WarnerMedia, which comes from AT&T's acquisition of Time Warner last June, was responsible for $7.5 billion of revenue, net of eliminations. AT&T's total revenue would have declined without WarnerMedia's contribution.
Revenue in the communications segment declined by 0.4% year over year, with revenue growth in mobility more than offset by declines in entertainment and business wireline. Within the mobility group, AT&T added 179,000 postpaid smartphone subscribers in the U.S., along with 96,000 prepaid net adds.
While revenue in the entertainment group declined slightly, profitability improved. Entertainment EBITDA jumped 6.9% year over year, a reflection of AT&T's efforts to focus on profits. DirecTV Now is losing subscribers, but the service carries far higher prices today than it did a few years ago.
WarnerMedia, which contains Turner, HBO, and Warner Bros., enjoyed revenue and operating income growth in the first quarter. On a pro forma basis, revenue was up 3.3% year over year, and operating income was up 11.6%. Turner subscription revenue increased, and HBO registered digital subscriber growth thanks to the popularity of Game of Thrones.
Game of Thrones on HBO. Image source: HBO.
Paying down debt
After acquiring DirecTV and Time Warner, AT&T is now focused on reducing its debt load. The company made progress on that front during the first quarter, knocking down its net debt by $2.3 billion. Since the Time Warner deal closed, AT&T has reduced its net debt from $180 billion to $169 billion. It plans to bring that number down to roughly $150 billion by the end of 2019.
A combination of free cash flow and asset sales will be used to carry out this debt reduction plan. The company expects to generate about $26 billion of free cash flow in 2019, with $12 billion left over after dividends. Another $6 billion to $8 billion will come from asset sales.
AT&T has already announced a few major asset sales. The company recently sold its stake in Hulu back to the video streaming company for $1.43 billion, and it announced an agreement to sell its space at 30 Hudson Yards for $2.2 billion and lease back the space for the next 15 years. AT&T expects to generate an additional $3 billion to $5 billion from further asset sales and working capital initiatives this year.
Great assets and stiff competition
AT&T is planning to launch multiple new video streaming services this year, leveraging the assets it acquired in the Time Warner deal.
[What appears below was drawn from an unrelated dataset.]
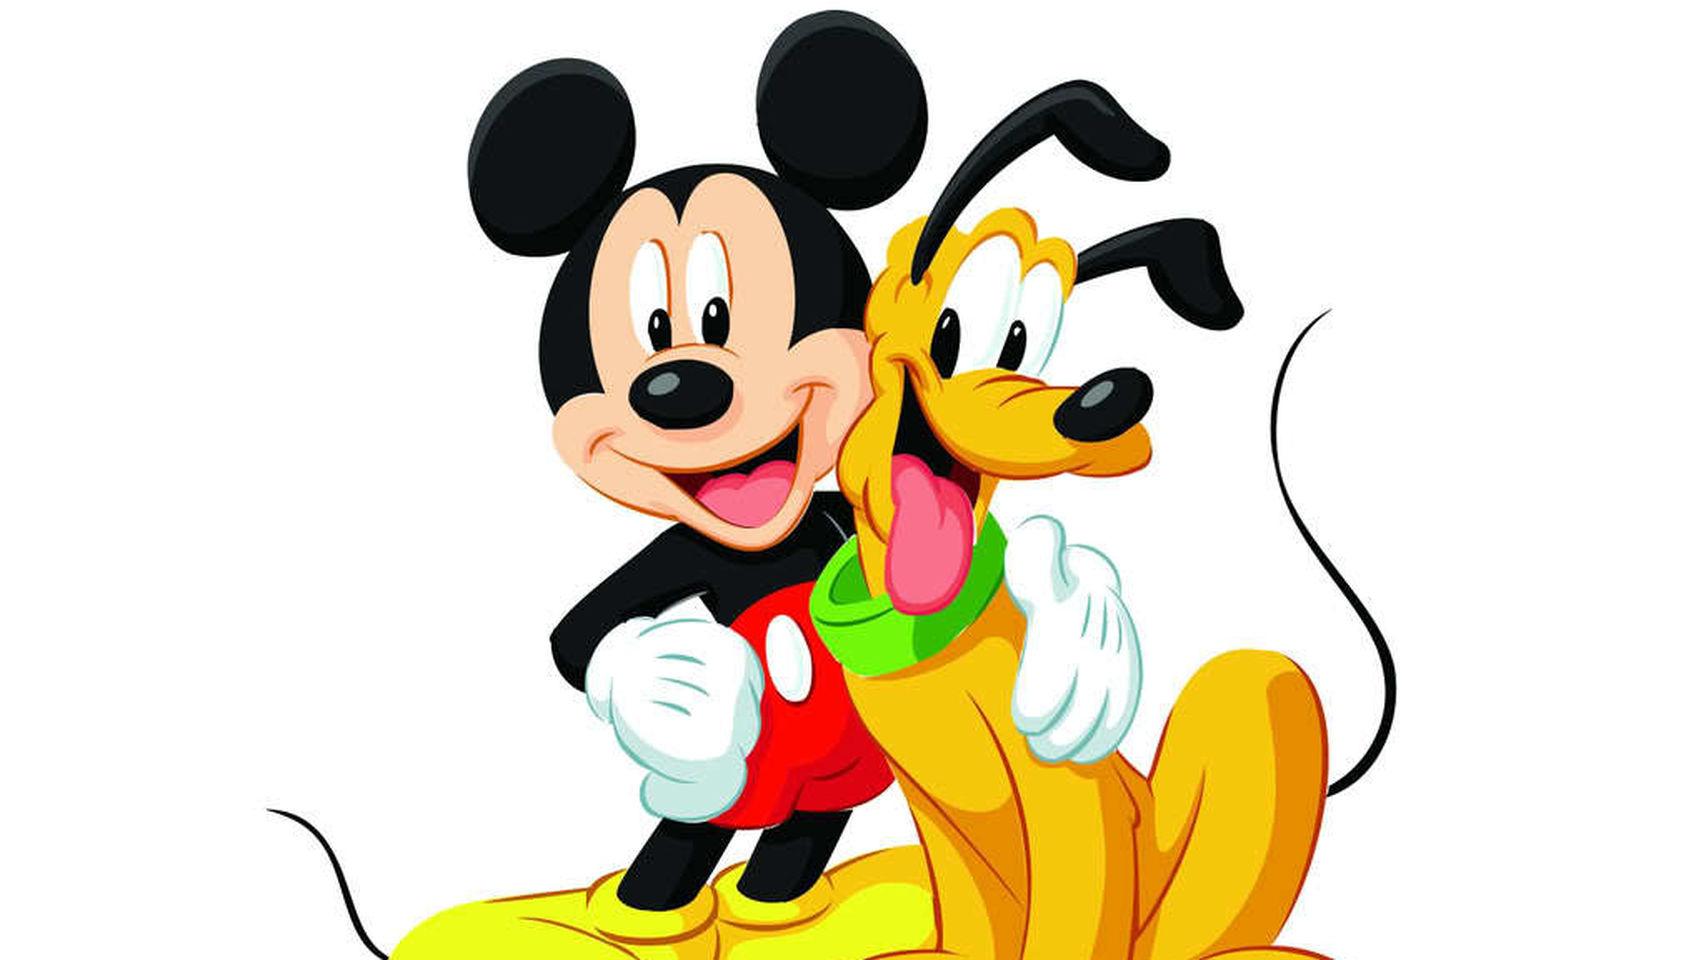 mickey mouse cumple 90 años: 15 cosas que no sabías del ratón más

The company will be competing not only with Netflix, which has been burning billions of dollars annually to build out its content library, but also Disney's and Apple's new streaming services.
AT&T has assembled a world-class collection of content, but it's also made some big changes that could prove costly in the long run. Richard Plepler, the former head of HBO credited with the premium network's recent success, resigned earlier this year. AT&T plans to ramp up how much content HBO produces, but that could put HBO's reputation for quality at risk.
There's still a lot of uncertainty around AT&T's transition to a media company. The stock is down nearly 30% from its multiyear peak, reflecting some uneasiness on the part of investors. AT&T has the potential to turn its media business into an even bigger cash cow, but it also has the potential to fail miserably. If this push into media doesn't work out well, the company's massive debt load will haunt it for years.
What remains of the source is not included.